Adenine nucleoside 3′-tetraphosphates are novel and potent inhibitors of adenylyl cyclases

2'-Deoxyadenosine 3'-tetraphosphate (2'-deoxy-3'-A(4)P) and 2',5'-dideoxyadenosine 3'-tetraphosphate (2',5'-dideoxy-3'-A(4)P) were synthesized, and their effects were tested on crude and purified forms of native adenylyl cyclases isolated from brain. Syntheses combined the method of alkoxide activation with the use of tribromoethyl phosphoromorpholino-chloridate as an initial phosphorylating agent. Inhibition of adenylyl cyclase was rapid in onset. With 2'-d-3'-A(4)P or 2',5'-dd-3'-A(4)P inhibition of a purified native enzyme conformed to a linear noncompetitive behavior with respect to substrate, metal-5'ATP. Order of potency was 2',5'-dideoxy- > 2'-deoxyadenosine and 3'-tetraphosphate > 3'-triphosphate. Both mechanism of inhibition and rank order of potency were consistent with inhibition via the 3'-nucleotide-(P)-site on adenylyl cyclase.
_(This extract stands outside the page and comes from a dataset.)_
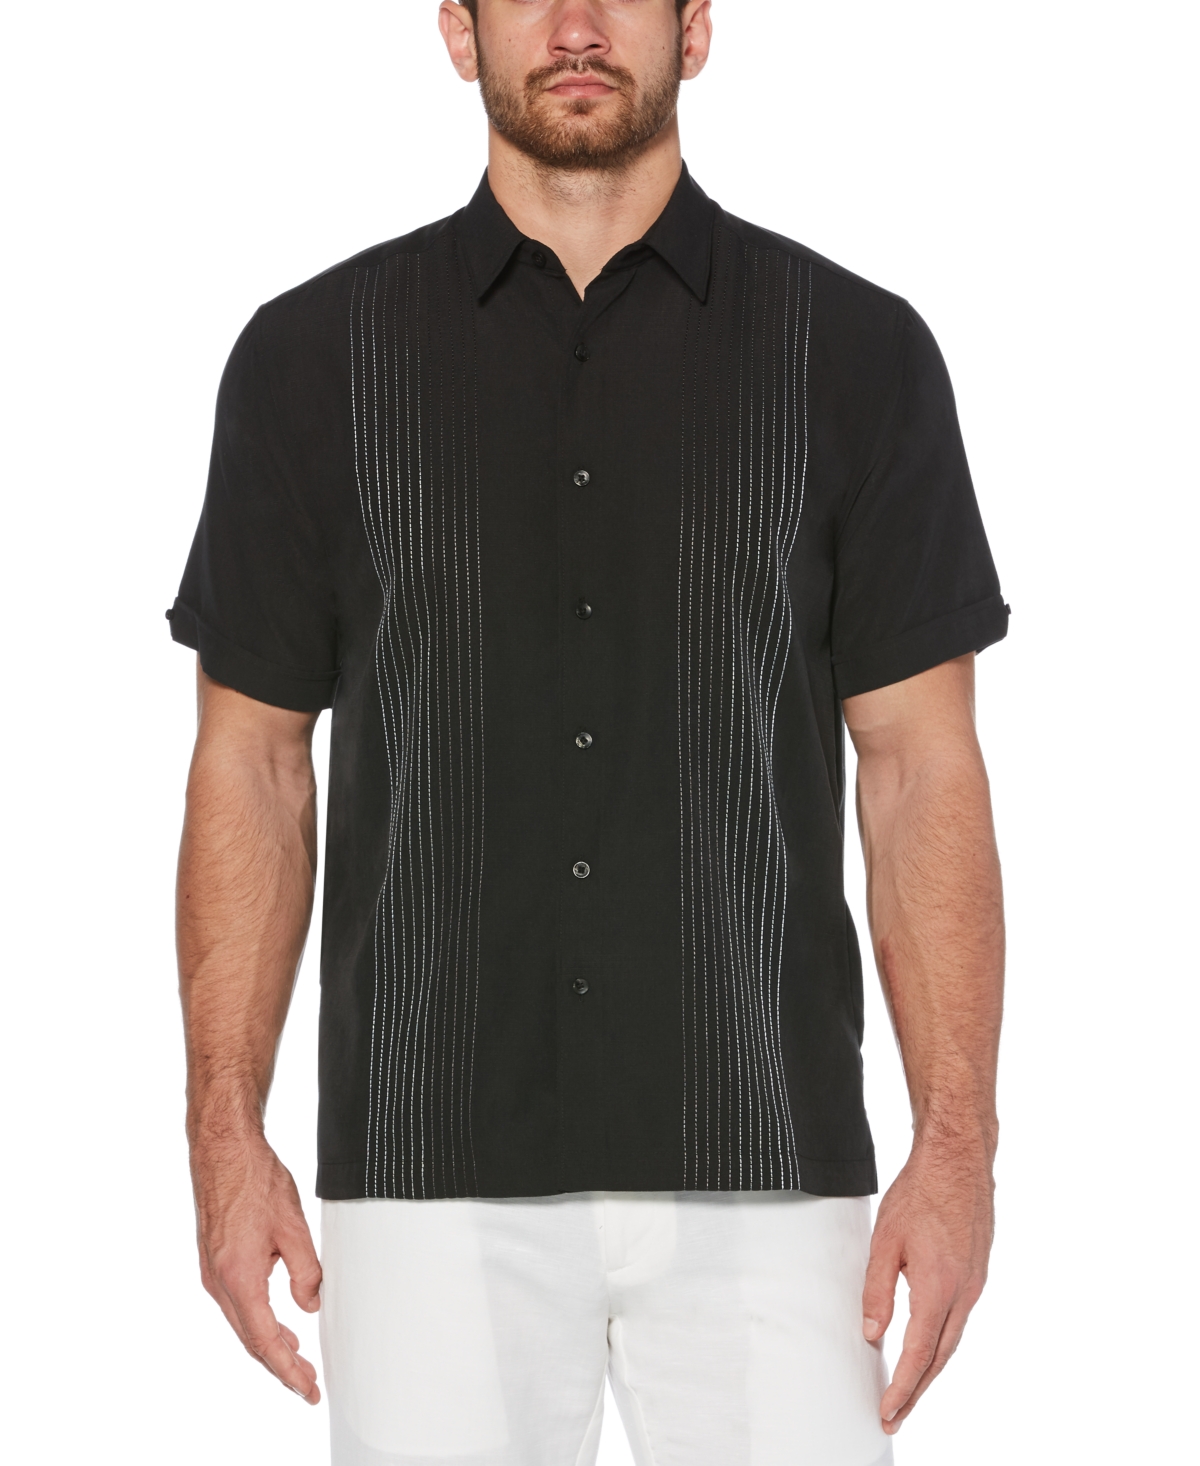 Men's Big & Tall Ombre Embroidered Stripe Short Sleeve Shirt - Jet Black

Neither 2',5'-dd-3'-ATP nor 2',5'-dd-3'-A(4)P had any effect on the activities of other adenosine nucleotide binding proteins such as Ca2+/calmodulin-sensitive cyclic nucleotide phosphodiesterase, Na+/K+-ATPase, or cAMP-dependent protein kinase. With purified adenylyl cyclase from bovine brain 2',5'-dd-3'-A(4)P and 2'-d-3'-A(4)P gave, respectively, IC50 values of 9.3 and 15 nM and K-i values of 23 and 53 nM. These 3'-nucleotides are the most potent regulators described for adenylyl cyclases.